MicroRNAs Tune Protein Synthesis

Barbara Bachtler Presse- und Öffentlichkeitsarbeit
Max-Delbrück-Centrum für Molekulare Medizin (MDC) Berlin-Buch

    E m b a r g o e d until: Wednesday, July 30, 2008, 18:00 GMT, 13:00 EST

    Researchers at the Max Delbrück Center for Molecular Medicine (MDC) Berlin-Buch, Germany, have generated new findings on how microRNAs (miRNA) regulate protein expression. Two teams lead by Matthias Selbach (Proteomics) and Nikolaus Rajewsky (Systems Biology) have shown that a single miRNA can directly regulate synthesis of hundreds of different proteins. In this way, miRNAs can program the way human cells act, they report in the latest issue of the journal Nature (doi:10.1038/nature07228)*.

    All body cells contain the same genes, may they be muscle-, brain-, blood-, or liver cells. Therefore, all have the same blue prints for the production of proteins. However, different cells produce different proteins at different times - a prerequisite for the body to develop normally and stay healthy. For this to happen, genes must be regulated differently in different cell types - that is, turned on and off at the right time. Only a few years ago, researchers discovered that miRNAs play an important role in gene regulation and, thus, help determine which proteins are produced by which cells.

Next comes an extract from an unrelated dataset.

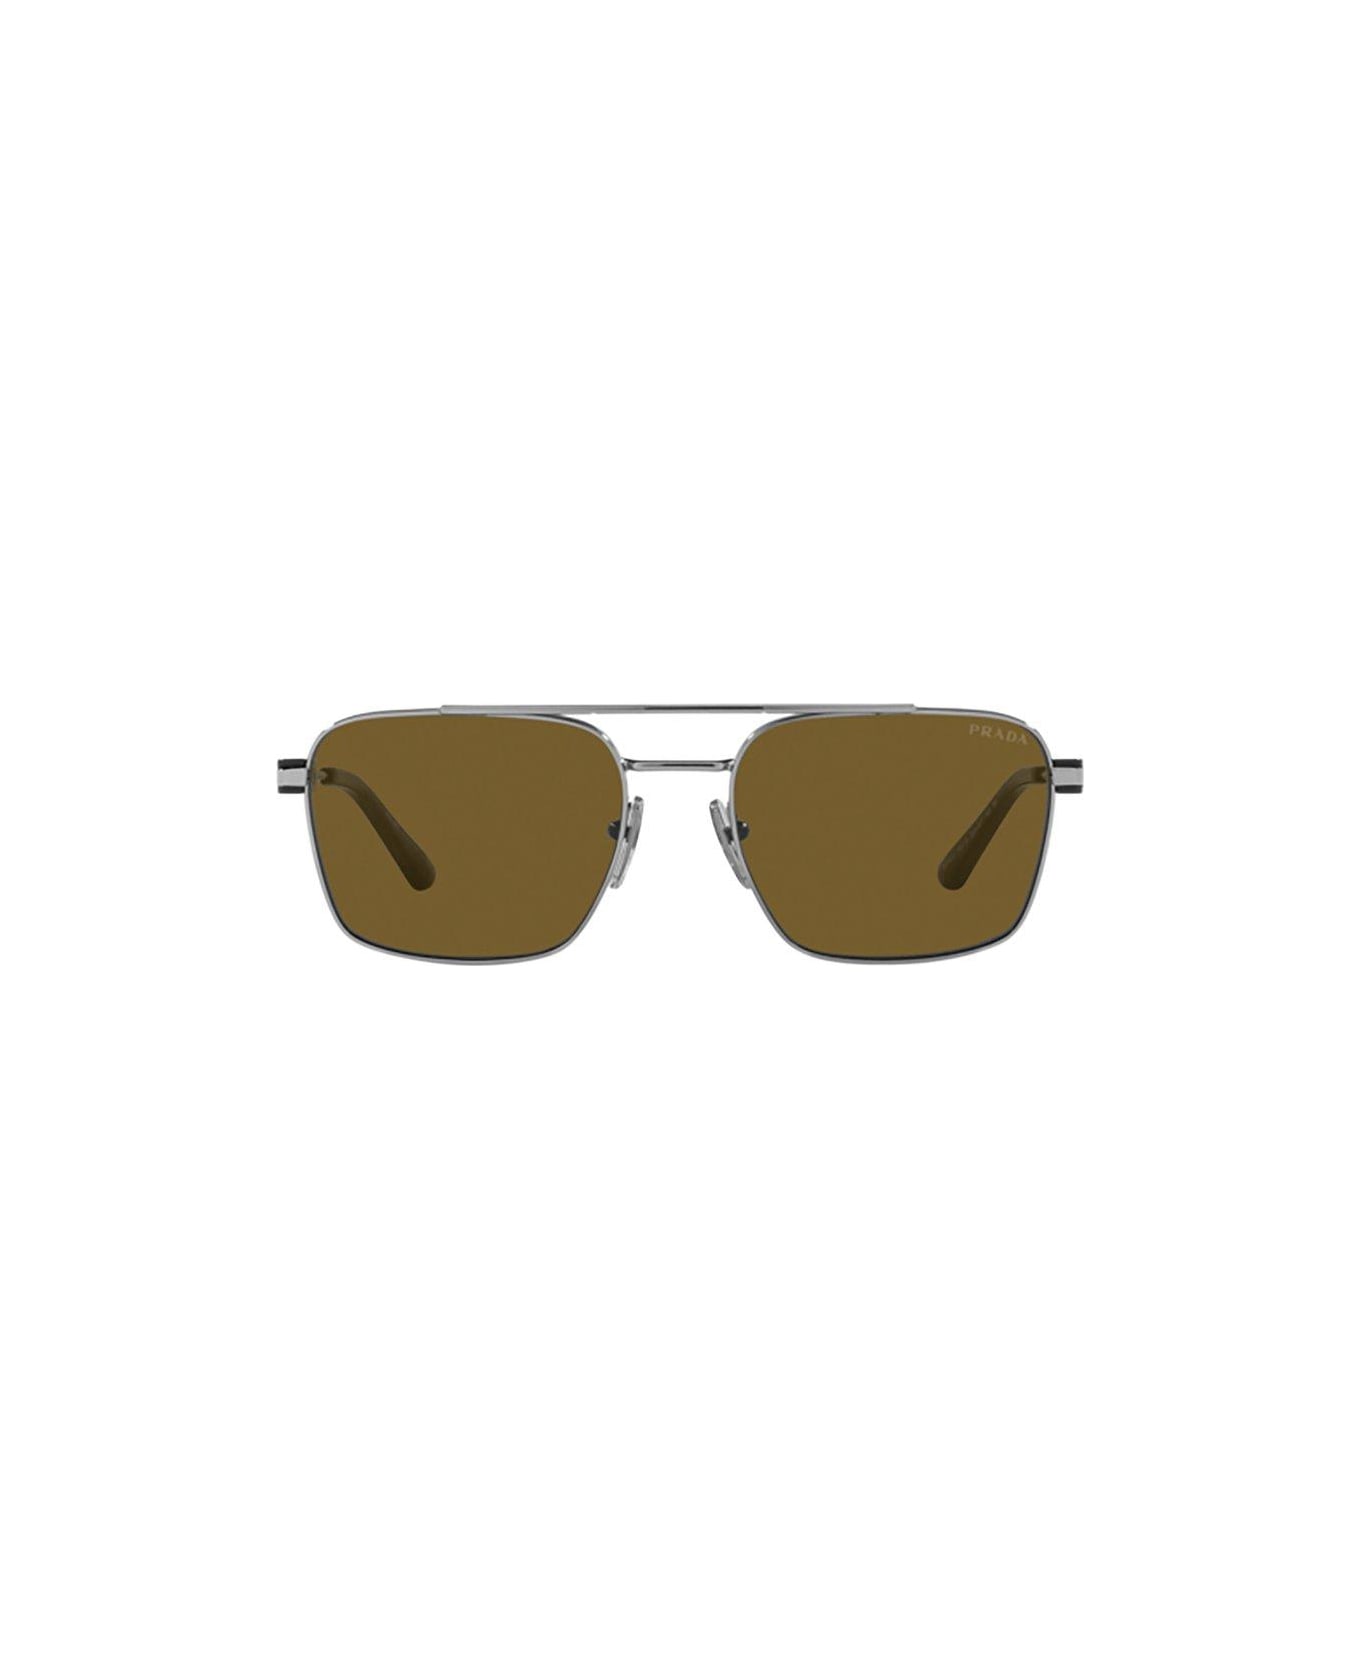 Prada Eyewear Square-frame Sunglasses Sunglasses - 5AV01T Gunmetal

    Proteins are the building and operating materials of life and are required for the structure, function, and regulation of the body's cells, tissues, and organs. Diseases can result if protein production goes awry. Worldwide, scientists are seeking to develop methods to detect which miRNAs are active in tissue samples and which proteins are regulated by them. To date, researchers have identified a few hundred human miRNAs but it is not clear which proteins they regulate. A further complication is that miRNAs are known to regulate synthesis of proteins, which is difficult to measure.

    Using a novel experimental approach carried out by PhD students Björn Schwanhäusser and Nadine Thierfelder, the MDC researchers for the first time were able to quantify protein synthesis for thousands of different human proteins. Together with extensive computational analyses, they could further identify and quantify the direct impact of specific miRNAs on target protein synthesis.

    Changing the fate of a cell
    The MDC researchers could demonstrate that the regulation of protein synthesis typically is mild, with a number of interesting exceptions. "MicroRNAs screw many switches, but most of them only slightly", Matthias Selbach explains. "Thus the system is robust and flexible. A single miRNA can have profound impact on the fate of a cell. MiRNAs active in cancer cells, for example, are different from those active in normal cells."

    Using a trick, the MDC researchers were for the first time able to measure changes in protein production after artificially changing the activity of specific miRNAs. They labeled amino acids (the building blocks of proteins) with a stable, non-radioactive isotope and put it together with miRNA in cell culture. This allowed them to distinguish labeled proteins in a mass spectrometer. They could show that only newly produced proteins were heavier.

    A single miRNA can tune the protein levels of thousands of genes
    The MDC researchers also compared the impact on protein production when artificially boosting or repressing the activity of an individual miRNA. They found that this impact is largely inverse for thousands of different proteins. Thus, 'it is as if a single miRNA can alter a large fraction of the entire protein production program of a human cell in a reversible fashion', comments Nikolaus Rajewsky.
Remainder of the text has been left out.